Multisystem Inflammatory Syndrome in Children After SARS-CoV-2 Vaccination

Eisha Jain; Jeffrey R. Donowitz; Elizabeth Aarons; Beth C. Marshall; Michael P. Miller

Disclosures

Emerging Infectious Diseases. 2022;28(5):990-993. 

In This Article

Conclusions

This report describes 2 cases of MIS-C within 1 week of receiving the first dose of BNT162b2. There is no specific test for MIS-C; although both patients met diagnostic criteria, alternative diagnoses were possible. Patient 2 had costovertebral angle tenderness, unilateral renal enlargement, and 10,000 CFU/mL growth of a uropathogen on culture. Given the low level of bacterial growth, lack of enhancement on her CT, and constellation of lab and imaging abnormalities not commonly seen with urinary tract infections, MIS-C remains her most likely diagnosis.

Patient 1 had a positive antinucleocapsid antibody suggesting community-acquired COVID-19 infection before MIS-C developed (P.D. Burbelo et al., unpub. data, https://doi.org/10.1101/2020.04.20.20071423).
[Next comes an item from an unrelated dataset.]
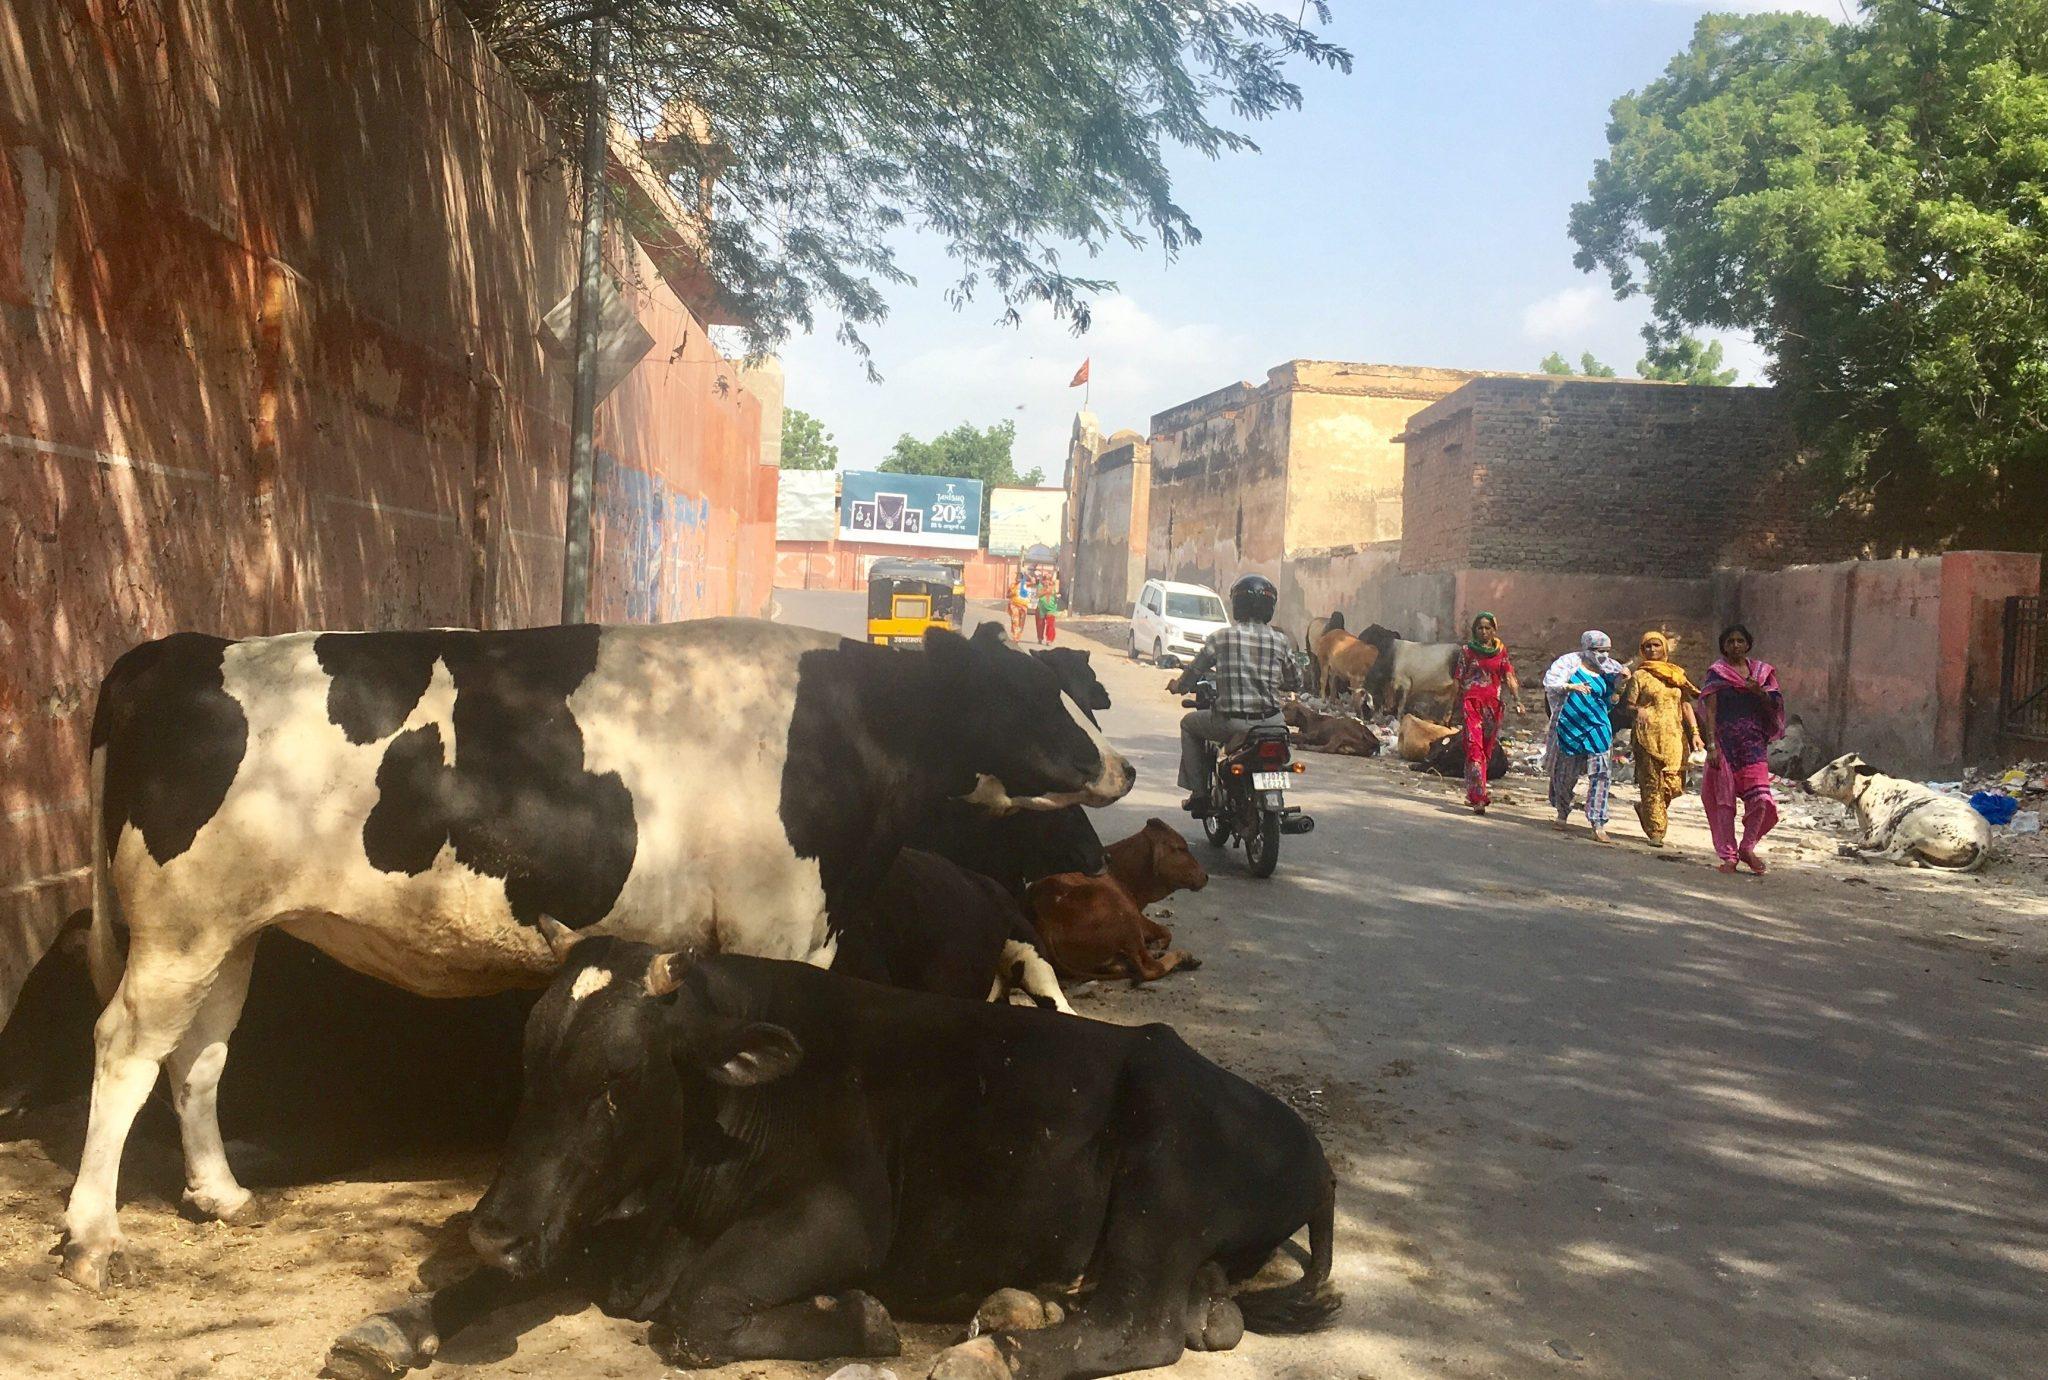 Bikaner e il Karni Mata, l'incredibile tempio dei topi

Salzman et al. describe 3 similar cases in which MIS or an MIS-like illness developed after COVID-19 vaccination, particularly in the setting of community-acquired COVID-19.[3] The chronology of events in these cases raises the possibility that vaccination may be involved in the pathogenesis of MIS-C when preceded by community-acquired SARS-CoV-2.
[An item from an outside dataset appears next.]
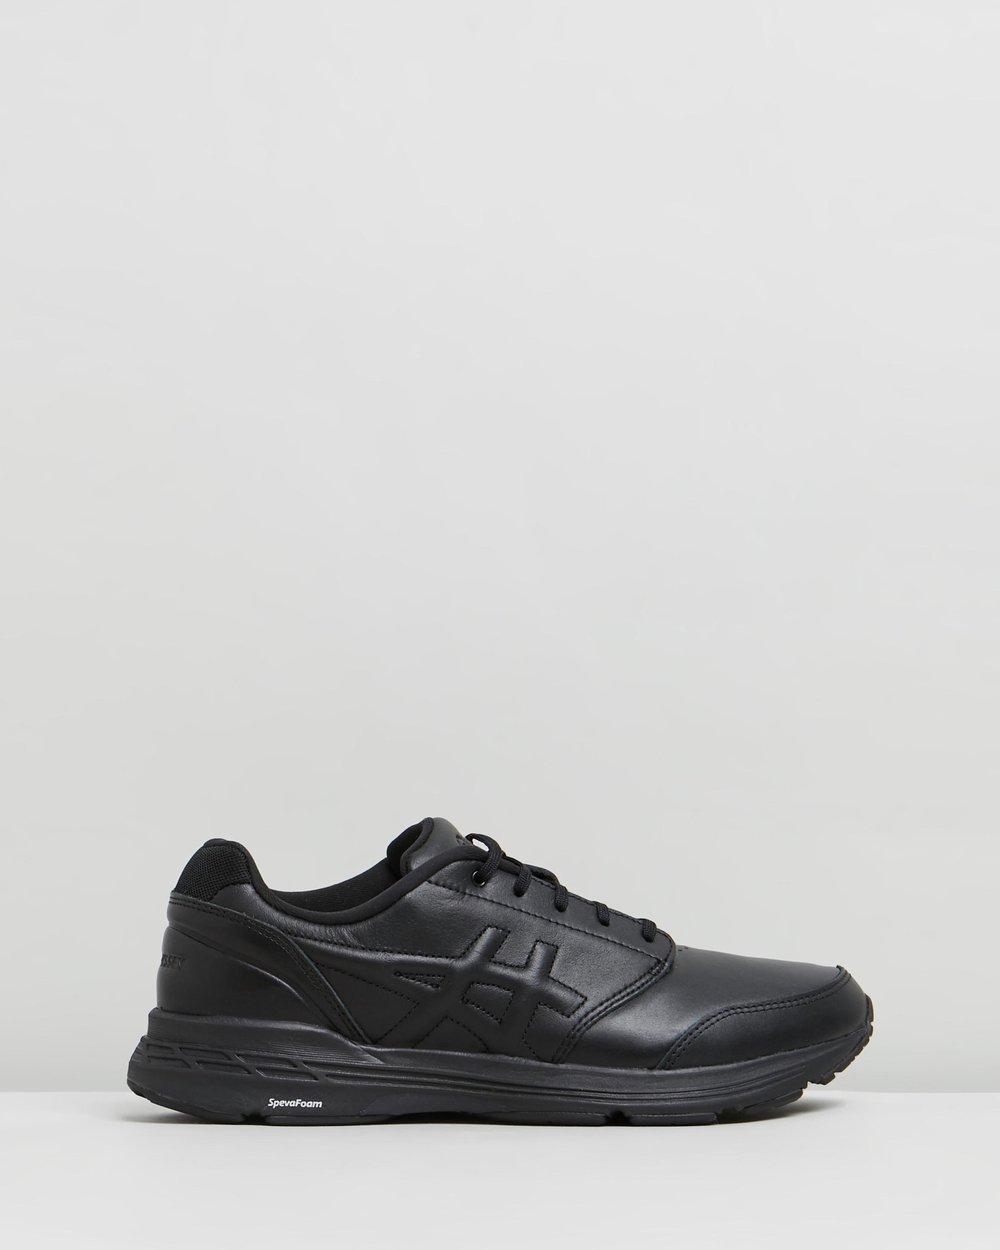 נעלי ריצה אסיקס לגברים Asics Gel Odyddey - שחור

The pathogenesis of MIS-C is thought to involve immune dysregulation and hyperinflammation.[4] Studies have identified high levels of receptor-binding protein (RBD) antibodies in children with severe MIS-C.[5,6] Both natural SARS-CoV-2 infection and BNT162b2 vaccination have been shown to elicit RBD antibodies.[7]It may be possible that the immune responses to these 2 forms of exposure to SARS-CoV-2 interact to shape the manifestations of mild MIS-C in the postinfectious period of COVID-19.

Recommendations

processing....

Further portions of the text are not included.